▶ ABOUT THIS EXERCISE
Reproduce the listing below exactly, except for its pictures.

▶ DATA BLOCK
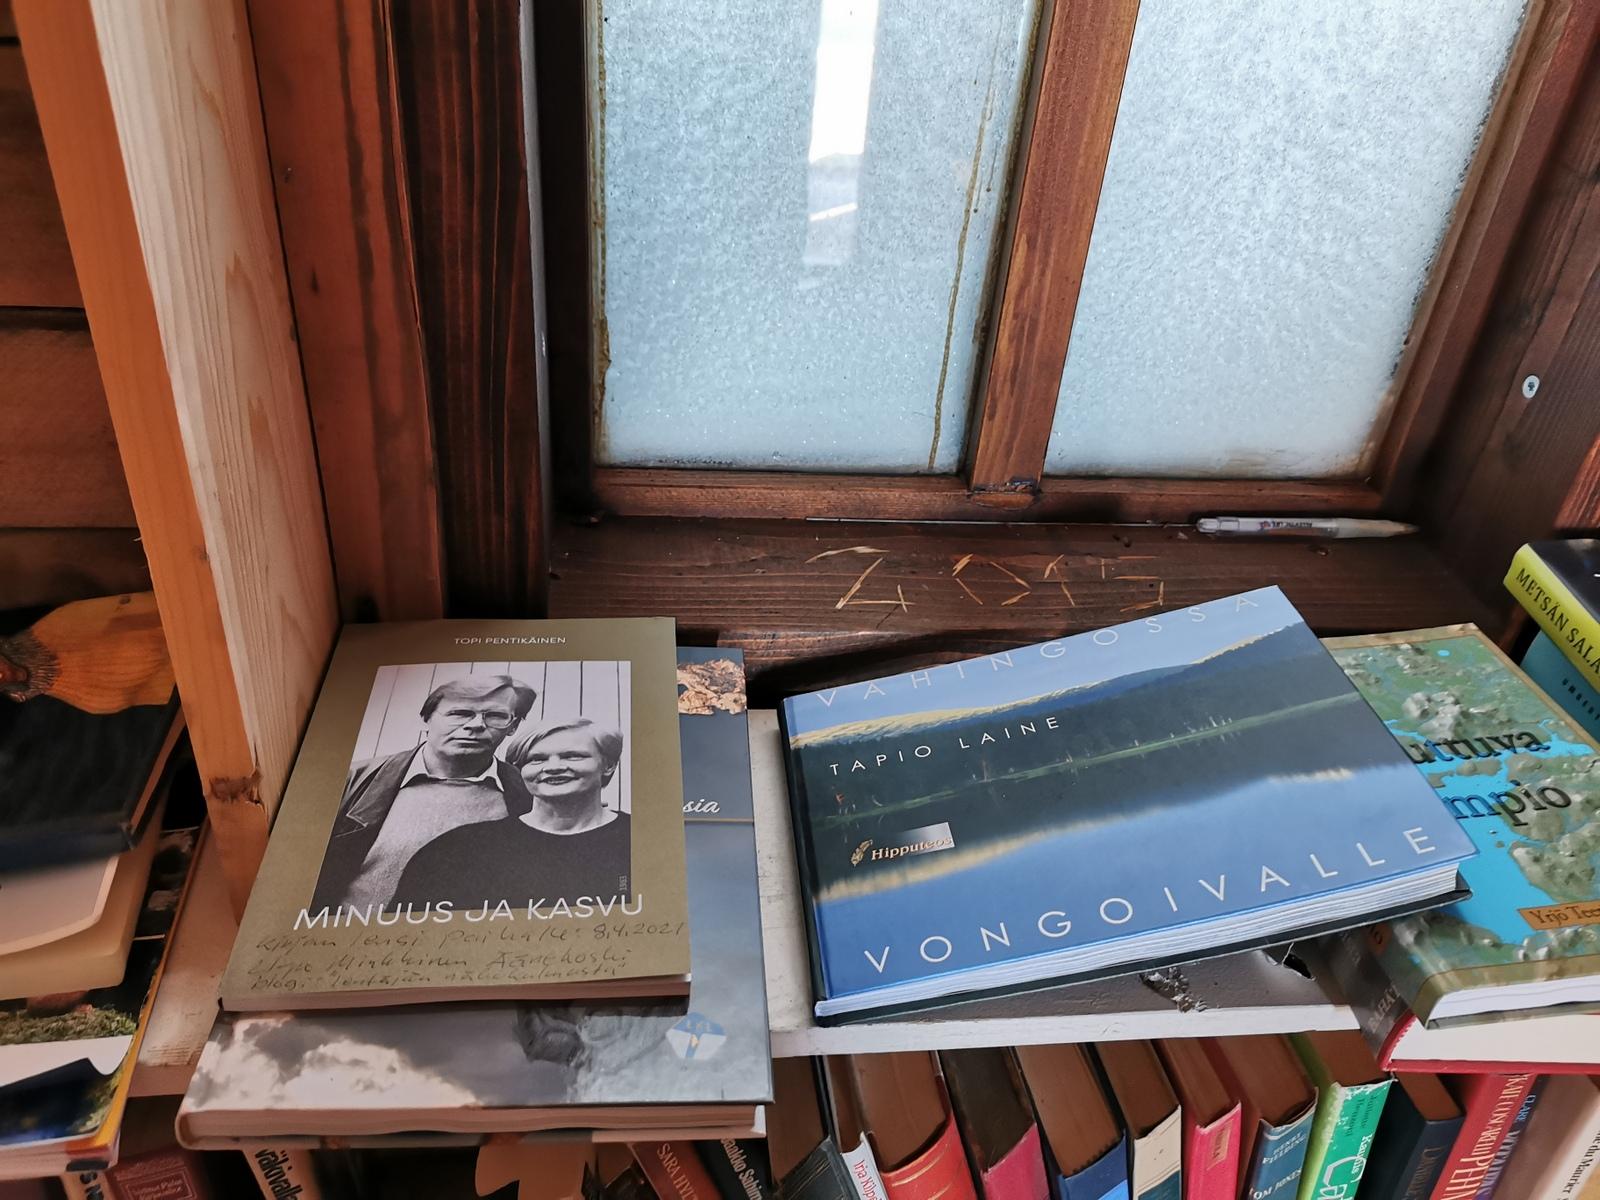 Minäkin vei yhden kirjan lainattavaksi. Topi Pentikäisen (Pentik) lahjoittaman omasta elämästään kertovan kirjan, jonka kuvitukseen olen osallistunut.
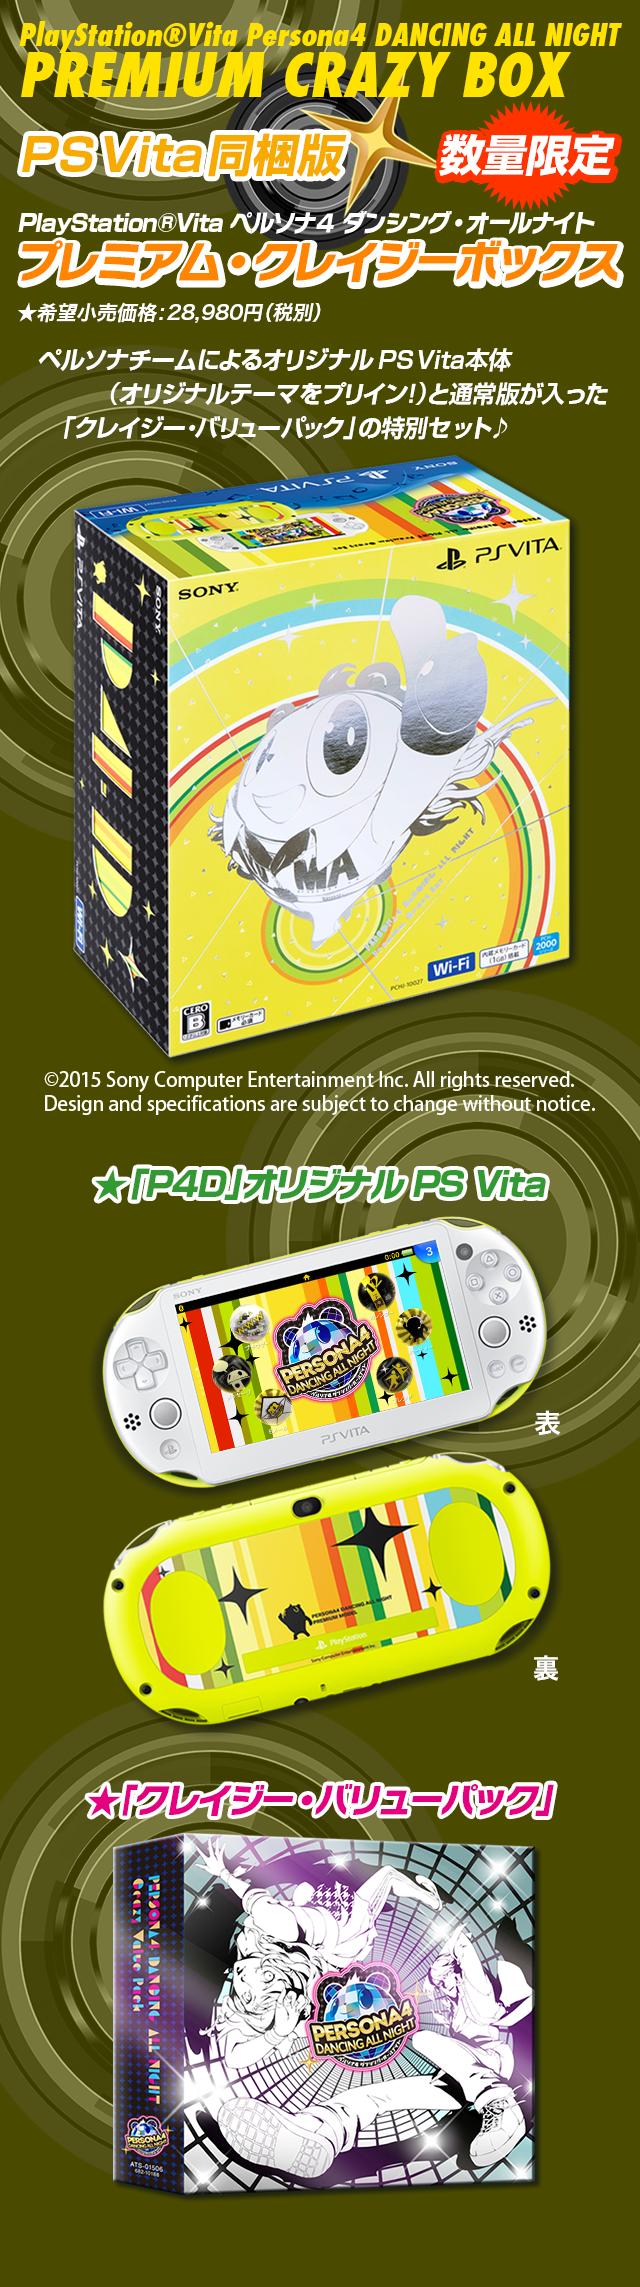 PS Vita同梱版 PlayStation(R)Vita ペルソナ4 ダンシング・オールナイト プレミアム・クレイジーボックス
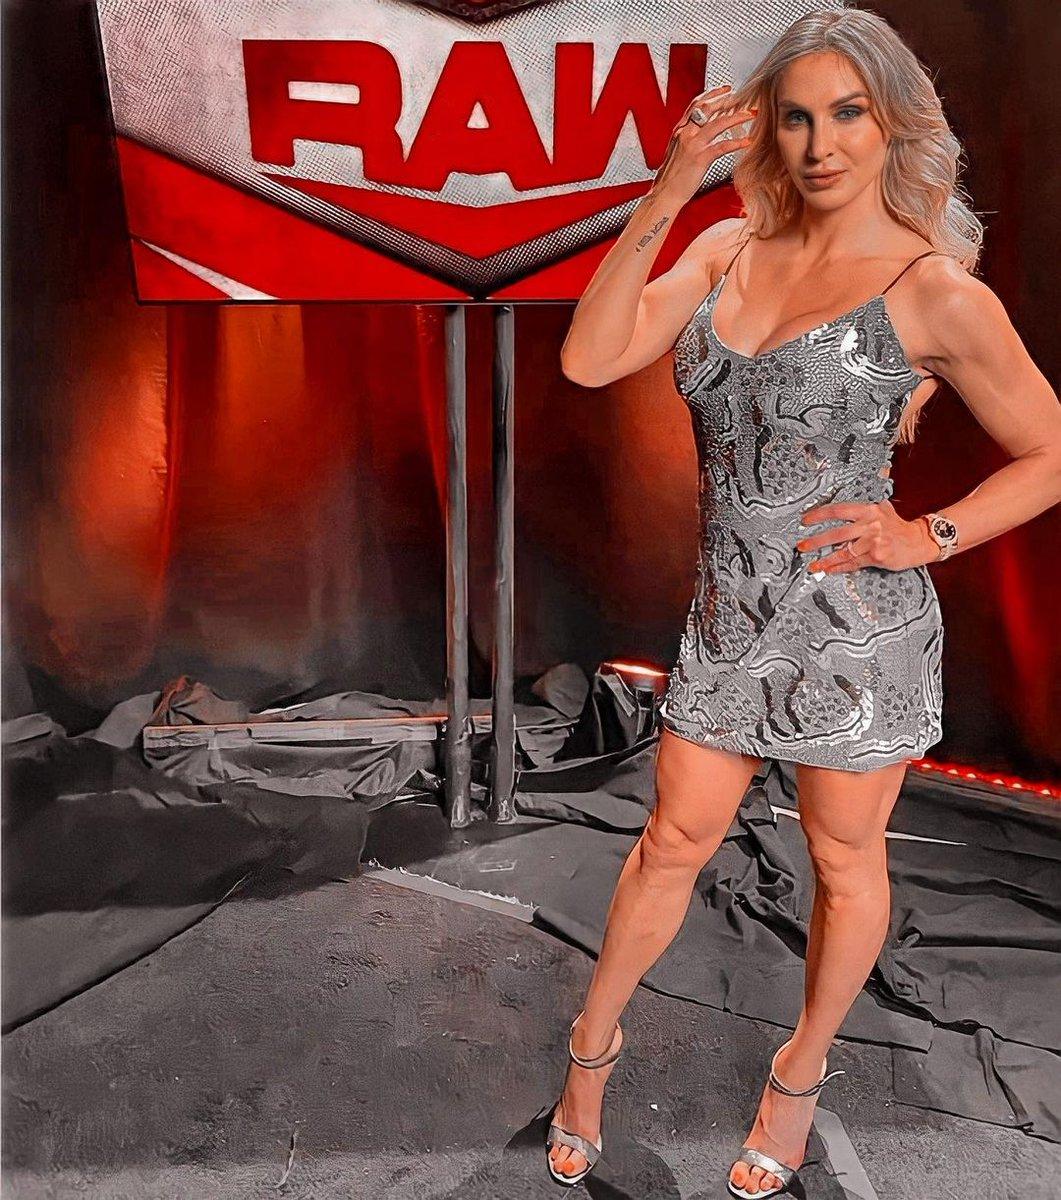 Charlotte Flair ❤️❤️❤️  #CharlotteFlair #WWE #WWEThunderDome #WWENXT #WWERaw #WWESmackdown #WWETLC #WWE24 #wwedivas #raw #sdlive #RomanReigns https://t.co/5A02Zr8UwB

▶ COMPLETED EXERCISE
 Minäkin vei yhden kirjan lainattavaksi. Topi Pentikäisen (Pentik) lahjoittaman omasta elämästään kertovan kirjan, jonka kuvitukseen olen osallistunut.
 PS Vita同梱版 PlayStation(R)Vita ペルソナ4 ダンシング・オールナイト プレミアム・クレイジーボックス
 Charlotte Flair ❤️❤️❤️  #CharlotteFlair #WWE #WWEThunderDome #WWENXT #WWERaw #WWESmackdown #WWETLC #WWE24 #wwedivas #raw #sdlive #RomanReigns https://t.co/5A02Zr8UwB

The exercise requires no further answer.